 Friday, August 15, 2003

We need to be in New York City (my wife has a conference to go to there). We're in Bangor, Maine now. We were going to fly, but may drive to avoid potential problems at airports due to the blackouts. I made a deal with my wife whereby she'll do a lot of the driving while I try and get some work done on my laptop in the passenger seat. We have a nanny for our kids, and she'll be coming too and will keep the kids as entertained as possible during the drive. Somehow this is not a plan I have confidence will be executed smoothly. Maybe the idea of a two-year-old and a five-year-old sitting in a car for a 9 hour drive has something to do with. (Just kidding. The fact, as most parents know, is that it will be insane!)
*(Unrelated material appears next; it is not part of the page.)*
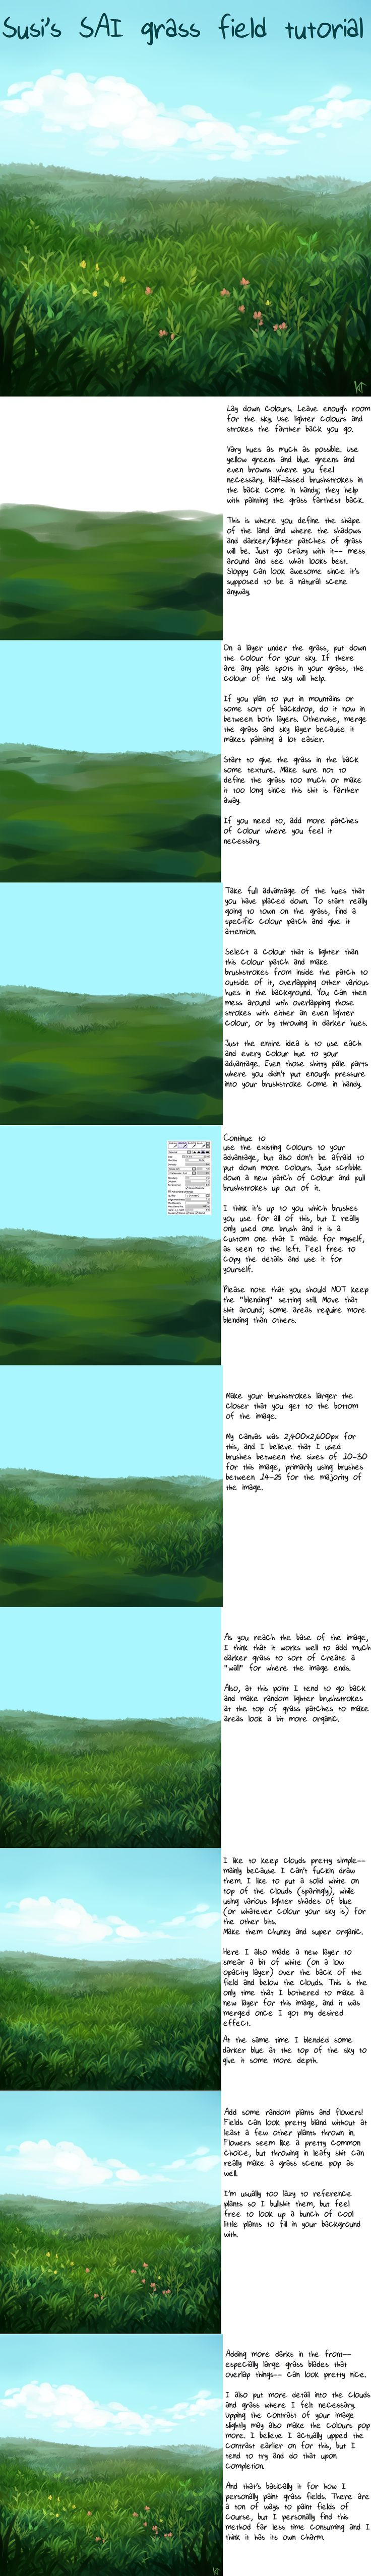 SAI Grass Field Tutorial by Susiron.deviantart.com on @deviantART

I've been working on my chi-square-based statistical approach for text classification lately, which is one reason I haven't been posting as frequently. Up to now, I have done none of the comparative testing on the approach. I've just made suggestions for using the calculations for spam filtering, mostly to Greg Louis of Bogofilter and Tim Peters of Spambayes, and they've been kind enough to try them out and tune them (and Tim made a critical suggestion about the advantage of using the middle range of values for knowing when the classifier is unsure).

But Greg sent me a substantial spam/ham database a while back, and I coded the algorithm so for the first time I have a test bed. (It's written in Python.) I've been able to try out some ideas I've been toying with in my mind for months. In this testing, it appears that they do indeed improve the algorithm. When I got a chance I'll post the specifics.